Besides the traditional medicine, the pharmacological activities of some natural substances have been also investigated, as they also exerted significant impact in the expression levels of some miRNAs potentially implicated in the AD pathogenesis. Osthole (7-methoxy-8-isopentenoxycoumarin, C15H16O3), a natural Coumarin first derived from Cnidium plant, is an active constituent extracted from some medicinal plants, commonly used in the clinical practice of traditional Chinese medicine [48,49]. In literature there are evidences that Osthole has several pharmacological effects, such as neuroprotection, osteogenesis, anti-inflammation, anti-apoptosis, and anti-oxidation [49,50,51,52], and in fact it showed a neuroprotective potential in AD [53]. Although the exact molecular mechanism has not yet been fully elucidated [48], some studies suggest a possible involvement of miRNAs in its therapeutic efficacy. Li et al. [45] demonstrated a protective role of Osthole in the neuronal synapse, since it significantly increased the expression of miR-9 in APP-overexpressed cells [45]. Later on, they hypothesized a cross-talk between miR-9 and the Notch signaling pathway in AD models and observed that Osthole may promote the NSCs differentiation via the upregulation of miR-9 and the subsequent inhibition of the Notch signaling pathway in APP-expressing cells [54]. Jiao et al. [48] reported a neuroprotective activity of Osthole that involves the upregulation of miR-107 in AD. Furthermore, they observed that the administration of Osthole to APP/PS1 transgenic mice significantly improved the cognitive function by decreasing the Aβ contents in the hippocampal and cortex region of the brain [48]. MiRNA-101a-3p was also reported as Osthole-mediated miRNA in AD [52], since it seemed to improve the learning and memory ability of APP/PS1 mice, to increase the miRNA-101a-3p expression and to reduce the levels of APP at the same time [52].
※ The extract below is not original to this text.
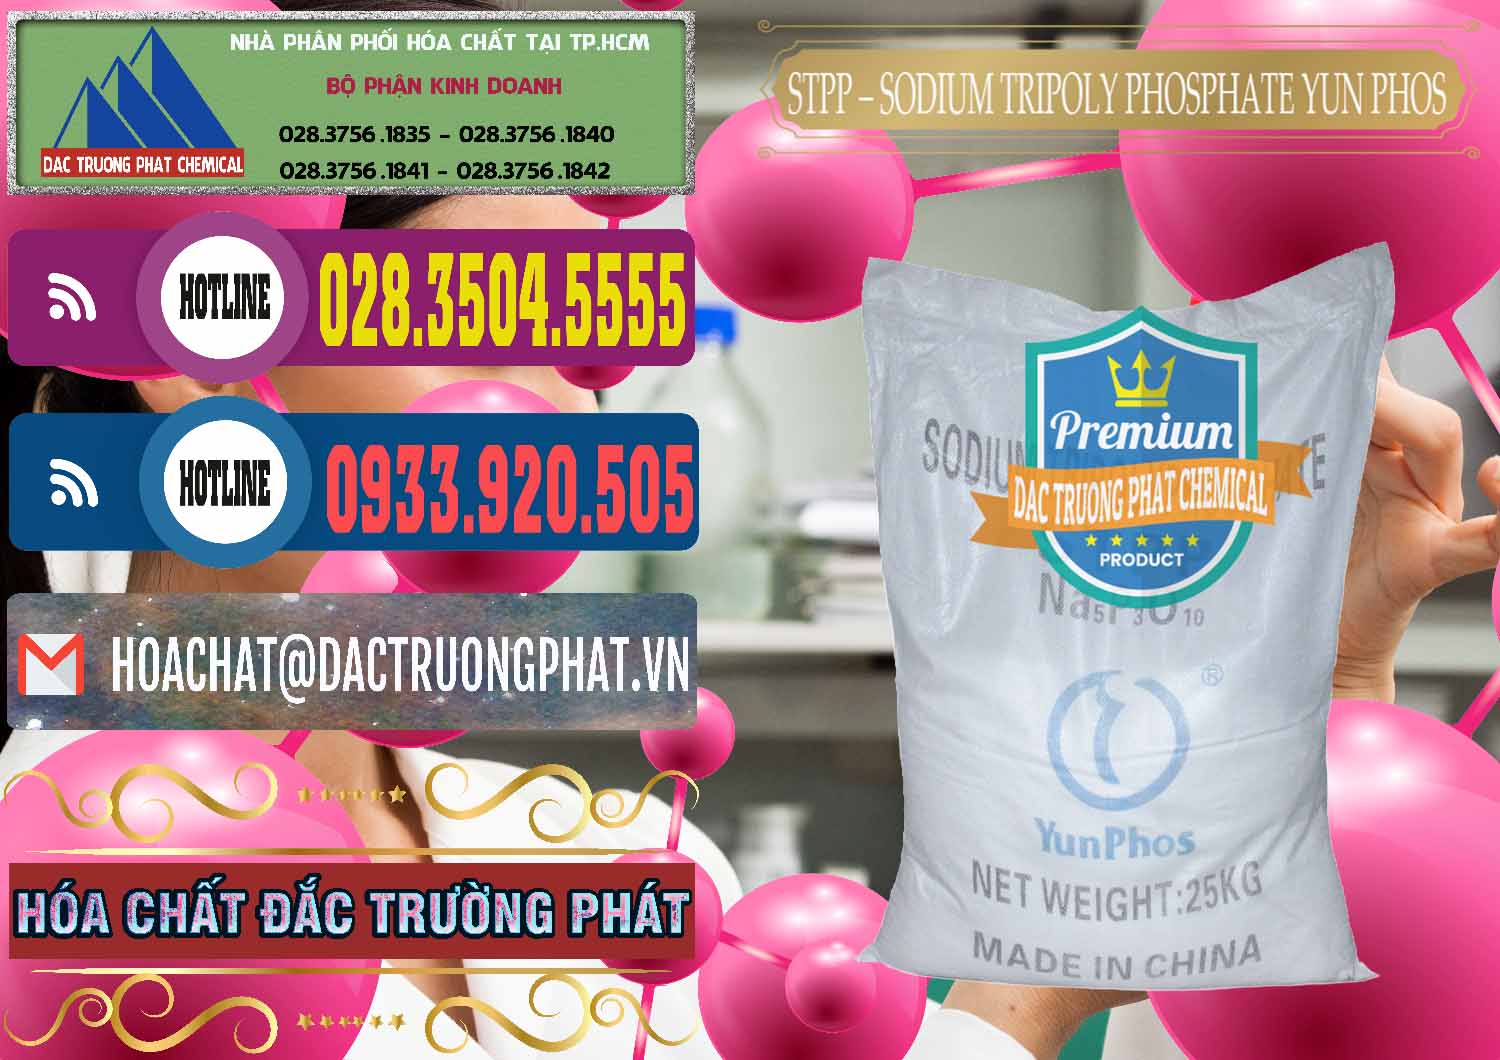 Chuyên bán và cung cấp Sodium Tripoly Phosphate - STPP Yun Phos Trung Quốc China - 0153 - Công ty cung ứng & phân phối hóa chất tại TP.HCM - muabanhoachat.com.vn

Acori graminei Rhizoma (AGR) and Ginsenoside Rg1 (GRg1) are other traditional Chinese herbal drugs experimented in cognitive impairments; in particular, AGR has been used to treat senile dementia, while GRg1 showed neuroprotective role in AD [55]. In a study aimed to identify the therapeutic effect of GRg1 and AGR in the animal model of AD, Shi et al. [55] found that the combination of GRg1 and AGR promoted the expression of miR-873-5p, suggesting that these non-traditional drugs might have some benefit in the AD treatment with a potential mechanism in part mediated by miR-873-5p.

4. Parkinson’s Disease

Parkinson’s disease (PD) is the second-most common neurodegenerative disease [56] characterized by both motor and non-motor system symptoms. The disease occurs mostly in the older ages but an early-onset PD has been also described [57]. Resting tremor, rigidity, bradykinesia, and loss of postural reflexes are the classical parkinsonian motor symptoms [58]. They are most likely the result of the dopamine deficiency caused by the prominent death of dopaminergic neurons in the pars compacta of the substantia nigra, which is the typical pathological hallmark of the disease [59]. PD patients may also complain non-motor symptoms, including cognitive impairment, depression and sleep disorders, at any stage of the disease, even before the onset of the motor signs [58,60].
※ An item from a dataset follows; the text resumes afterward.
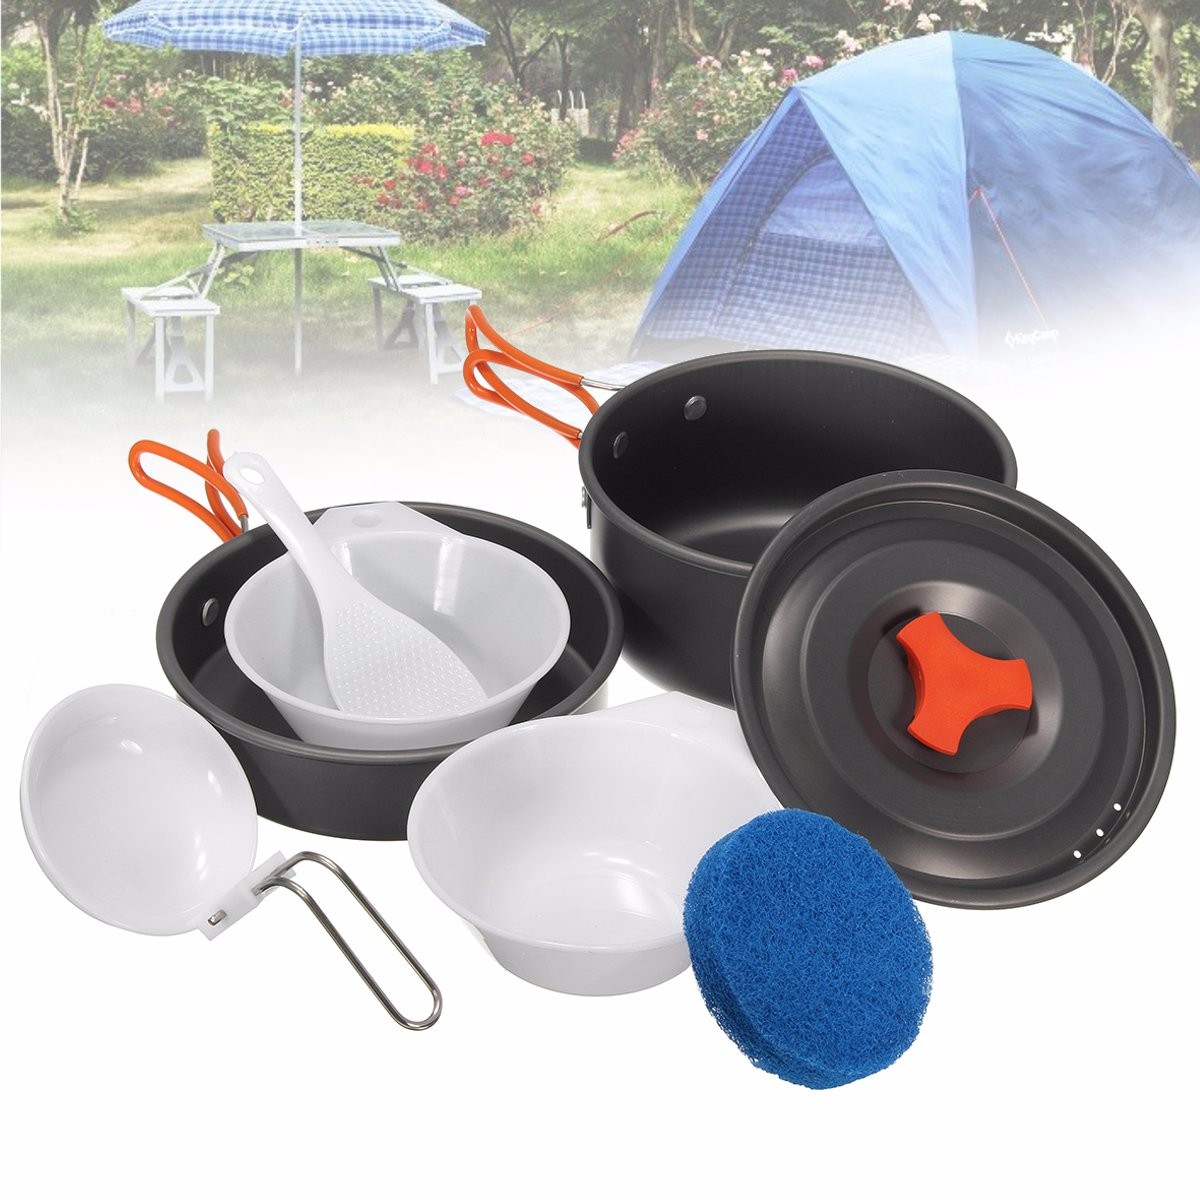 8Pcs-Camping-Aluminum-Pot-Bowl-Portable-Outdoor-Picnic-Cooking-Pan-Set-Cookware-1116210-1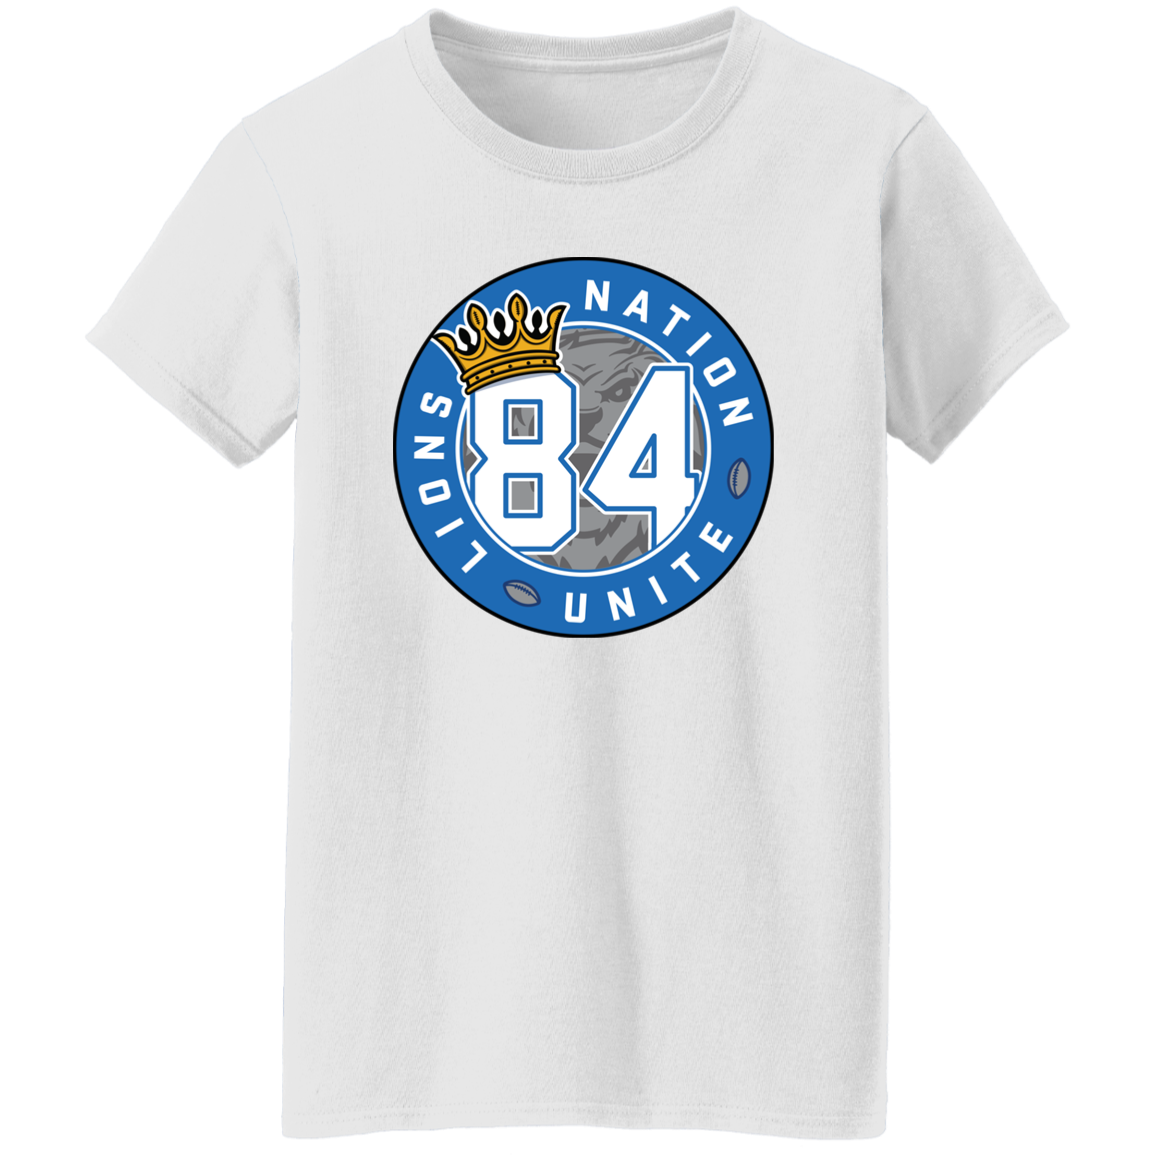 No. 84 Lions Nation Unite® Ladies' T-Shirt

Although the full etiology of PD is still partially unknown, the development of the disease seems to rely on the combination of genetic and environmental factors [59,61], as in fact several causative genes seem to be implicated [62]. Currently no clinically validated biomarkers for PD monitoring has been identified [62]. However, there are evidences that miRNAs can be associated with PD pathophysiology as well, since they seem to be involved in the disease progression by regulating different PD-related genes [14,63,64,65].
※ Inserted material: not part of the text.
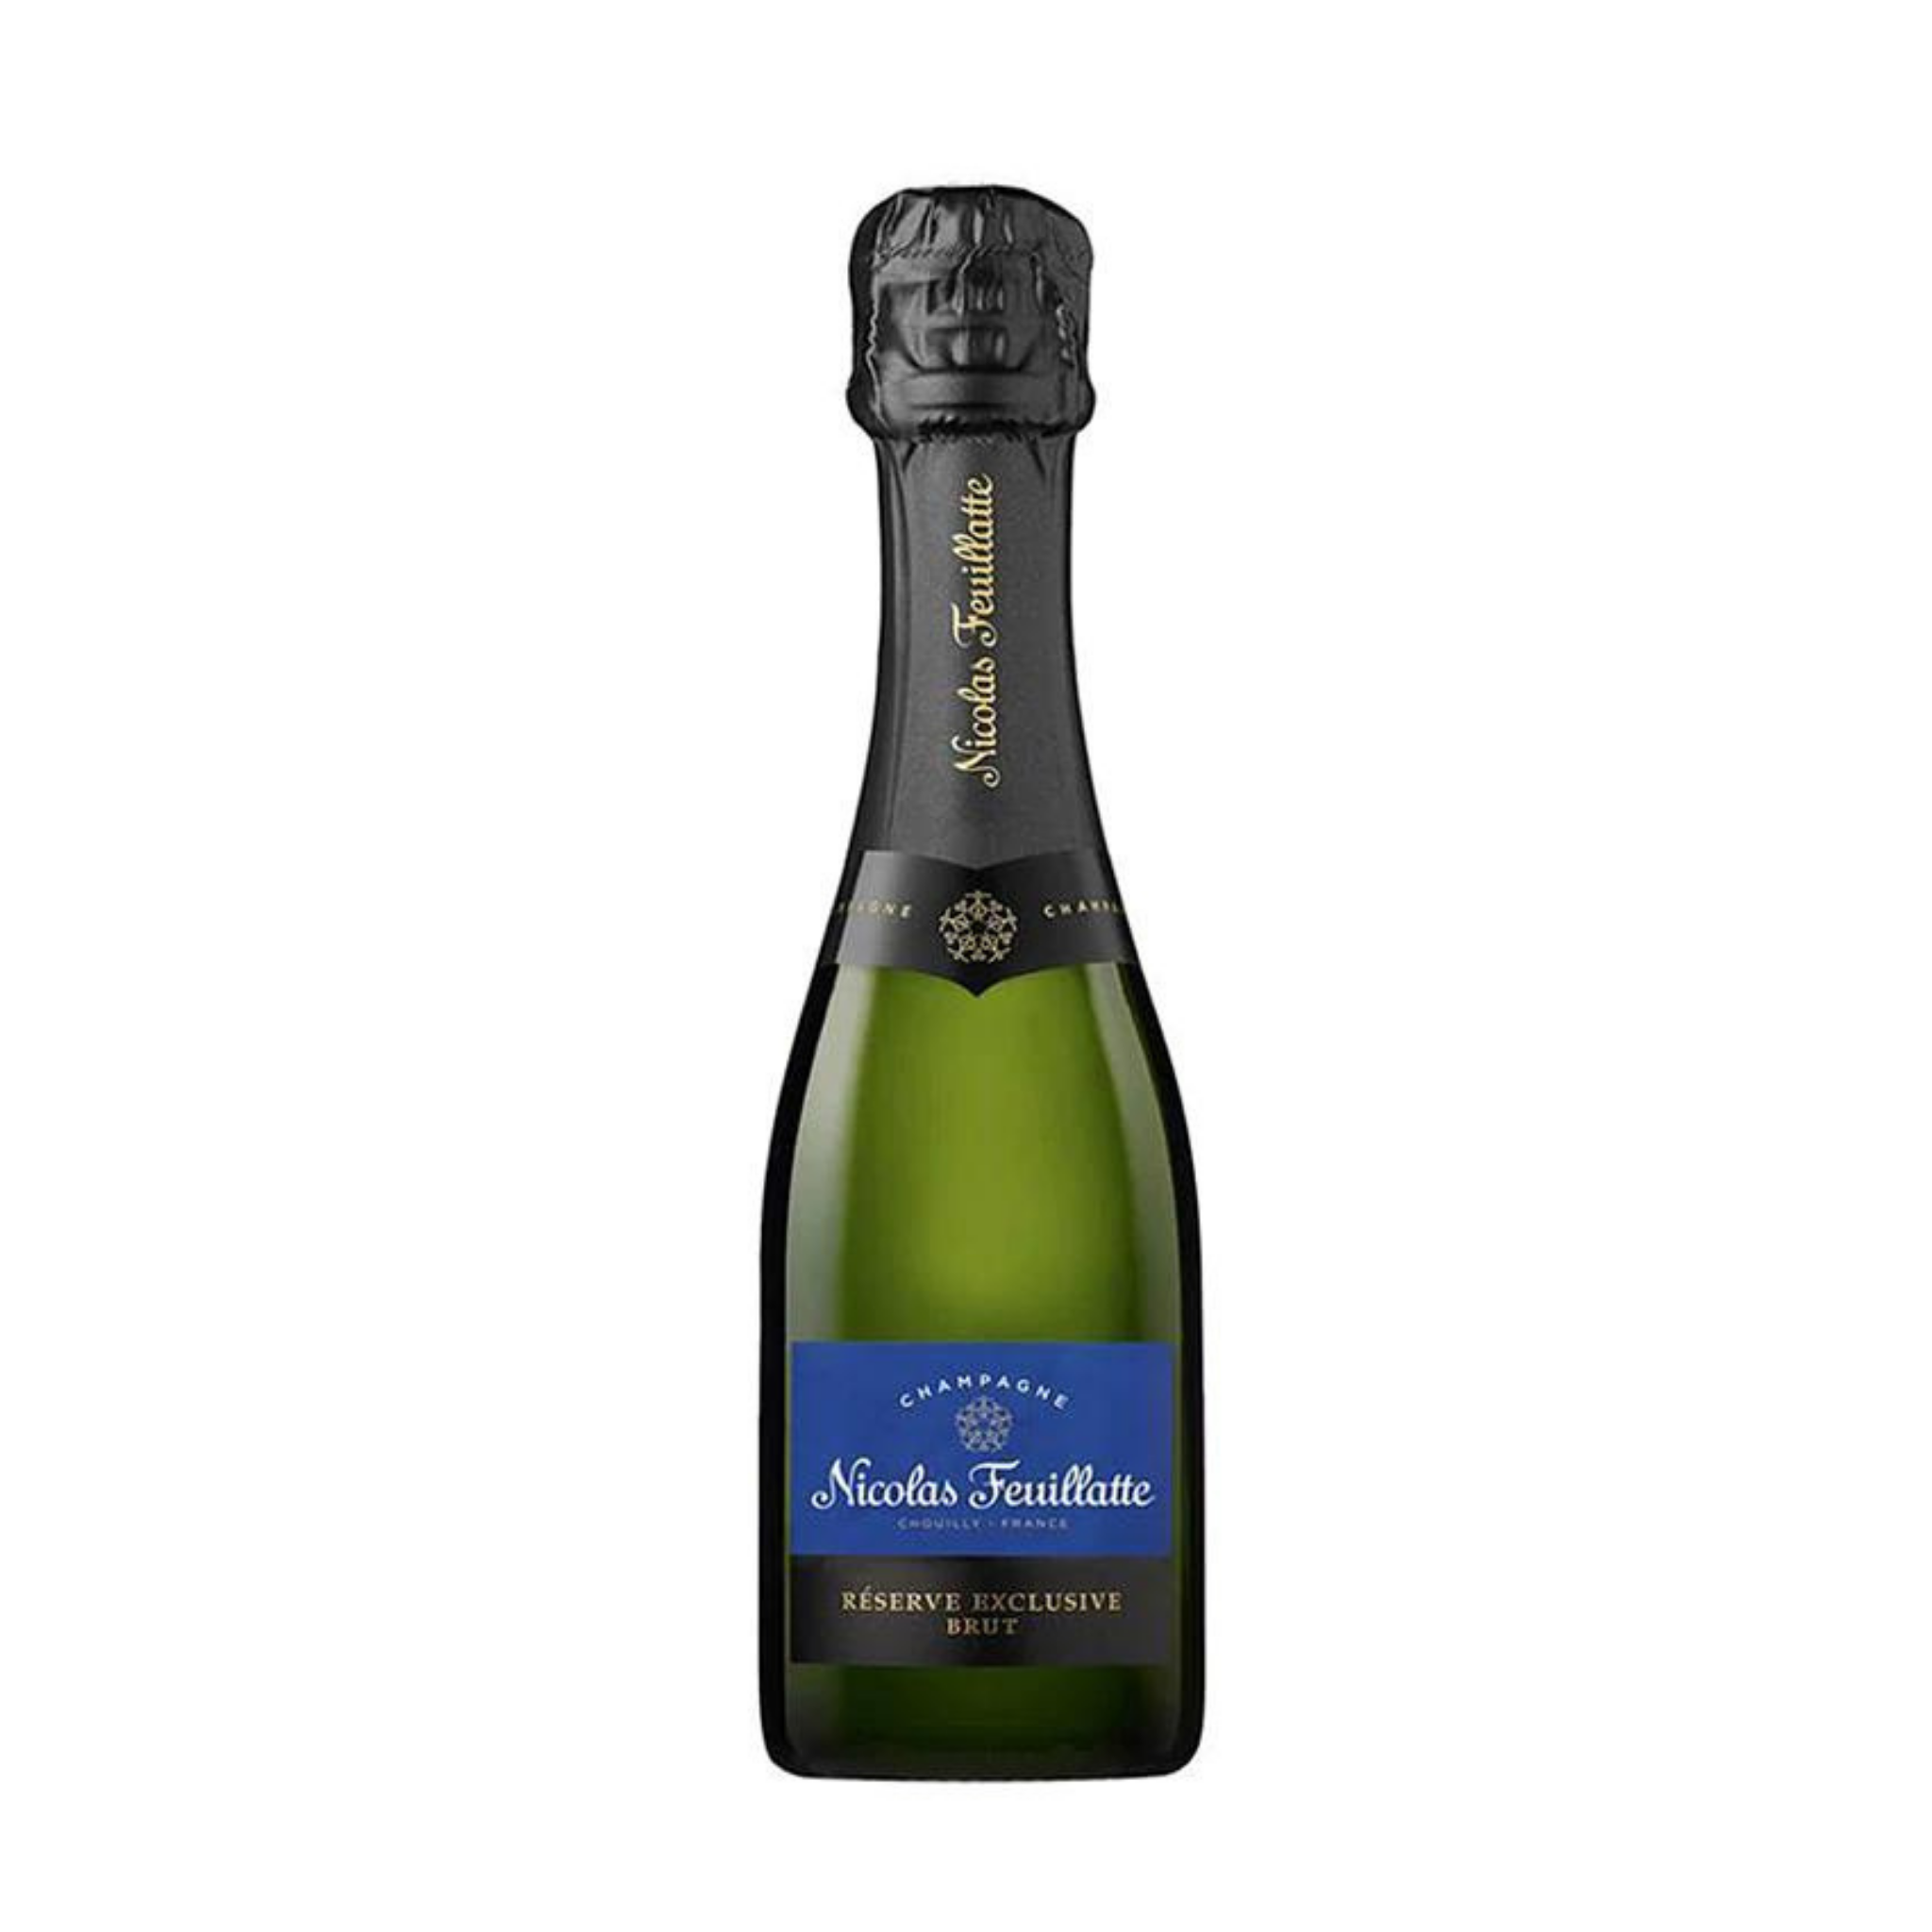 Mini Champagne Nicolas Cellar Wine Grand Feuillatte – Reserve Exclusive Brut

Current therapies for PD are able to treat most of the symptoms quite effectively [59]. Since the main cause of PD is the dopamine deficiency, the pharmacological treatment of the disease is closely related to the restoration of this neurotransmitter’s levels [66].

l-dopamine (l-dopa), a precursor of dopamine, was the first symptomatic treatment for PD [67]. Although it is the most effective medication, in some cases other therapeutic approaches, e.g., with monoamine oxidase type B inhibitors, amantadine, anticholinergics, β-blockers or dopamine agonists, may be used as first-line therapy to avoid some motor complications related to the administration of l-dopa, such as dyskinesia, impulsive and compulsive behaviors, and hallucinations [68]. However, as far as we know, changes of the expression levels of selected miRNAs have been investigated mostly during the l-dopa treatment. Schwienbacher et al. [69] profiled the expression levels of five candidate miRNAs (miR-29a-3p, miR-29b-3p, miR-30a-5p, miR-30b-5p, and miR-103-3p) in three different data sets (l-dopa-treated PD patients, drug-naïve PD patients, and unaffected controls). They reported a trend of upregulation for miR-30b-5p in drug-naïve patients, while the expression of miR-30a-5p was upregulated in plasma samples of l-dopa-treated PD patients [69]. A significant overexpression of miR-29a-3p, miR-30b-5p, and miR-103a-3p in l-dopa-treated PD patients was also found by Serafin et al. [62].

Alieva et al. [70] investigated the expression levels of different miRNAs in PD patients treated with different medications, including dopamine receptor agonists, l-dopa, and amantadine. They observed that the levels of miR-7, miR-9-3p, miR-9-5p, miR-129, and miR-132 in treated PD patients were higher than those of the controls [70]. A similar result was obtained in another study [58], in which the l-dopa treatment induced significant changes in the expression profile of several miRNAs. In particular, they found that the expression levels of miR-16-2-3p, miR-26a-2-3p, and miR-30a were able to discriminate between treated and untreated patients [58]. In contrast to these studies reporting that l-dopa treatment could increase the expression levels of different miRNAs, Caggiu et al. [61] observed a significant decrease in miR-155 in patients treated with the higher doses of l-dopa.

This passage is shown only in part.